For most patients requiring appetite stimulation, megestrol acetate 400-800 mg daily is the first-line pharmacological option, with approximately 1 in 4 patients experiencing improved appetite and 1 in 12 achieving modest weight gain. 1, 2

First-Line Pharmacological Options

Megestrol Acetate (Primary Recommendation)

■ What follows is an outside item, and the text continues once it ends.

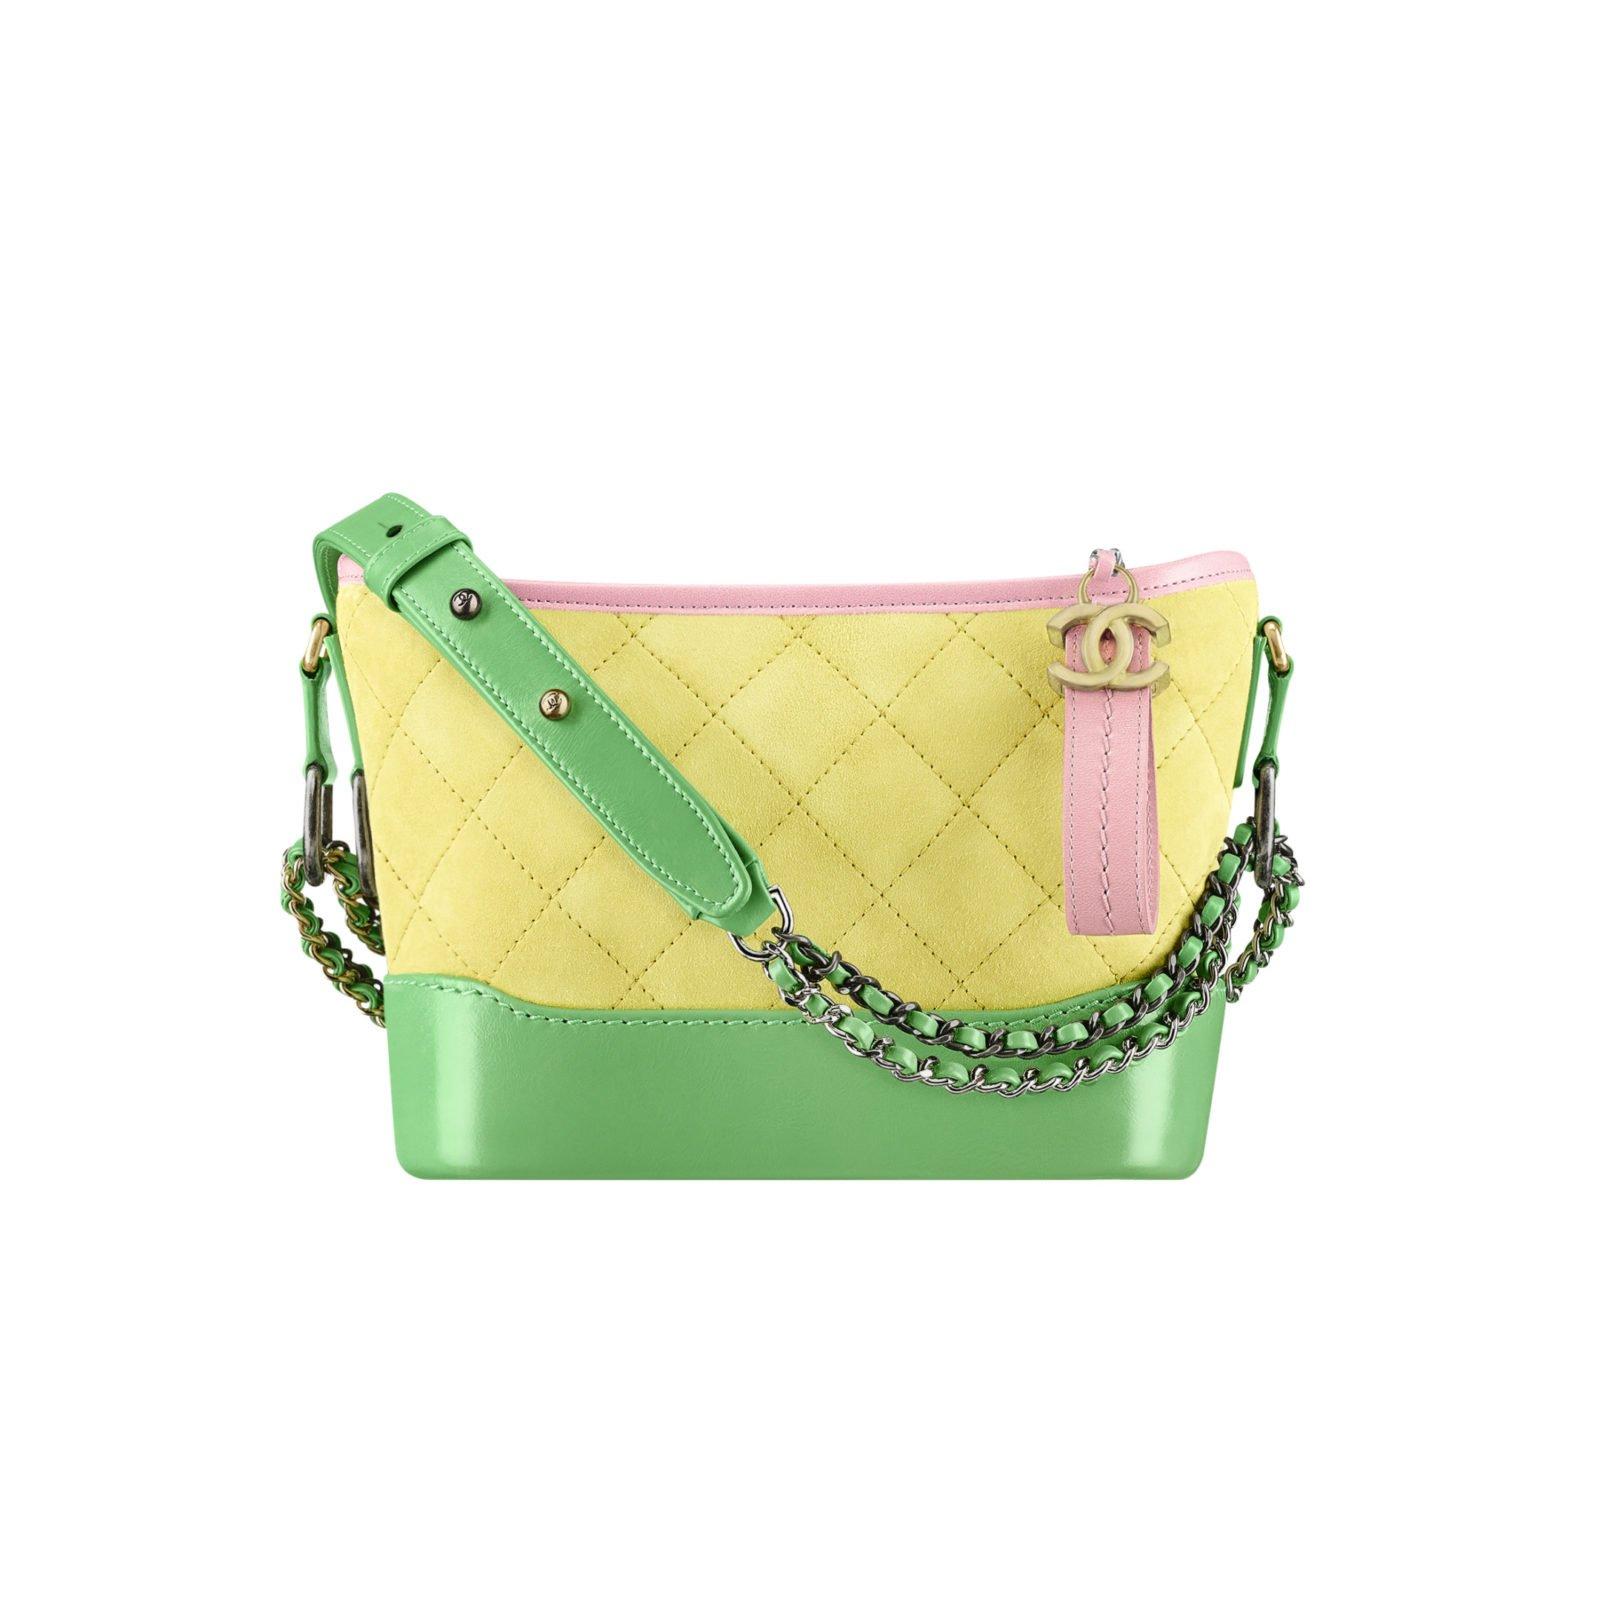 72f47879e2 New at Chanel: The Chanel Gabrielle Bag - PurseBop

  • Start with 400-800 mg daily as the most effective first-line agent for appetite stimulation 1, 2
  • The minimum effective dose is 160 mg/day, with optimal dosing between 160-480 mg/day; doses above 480 mg/day show no additional benefit 2
  • Expected outcomes: approximately 25% of patients will experience improved appetite and 8% will achieve modest weight gain 3, 1, 2
  • Critical safety concerns require careful patient selection: 1 in 6 patients will develop thromboembolic events, 1 in 23 will die, and fluid retention is common 3, 2
  • Additional adverse effects include edema, impotence, vaginal spotting, and adrenal suppression 4
  • May attenuate benefits of resistance training, causing smaller gains or deterioration in muscle strength and functional performance 4

Dexamethasone (Alternative for Rapid Effect)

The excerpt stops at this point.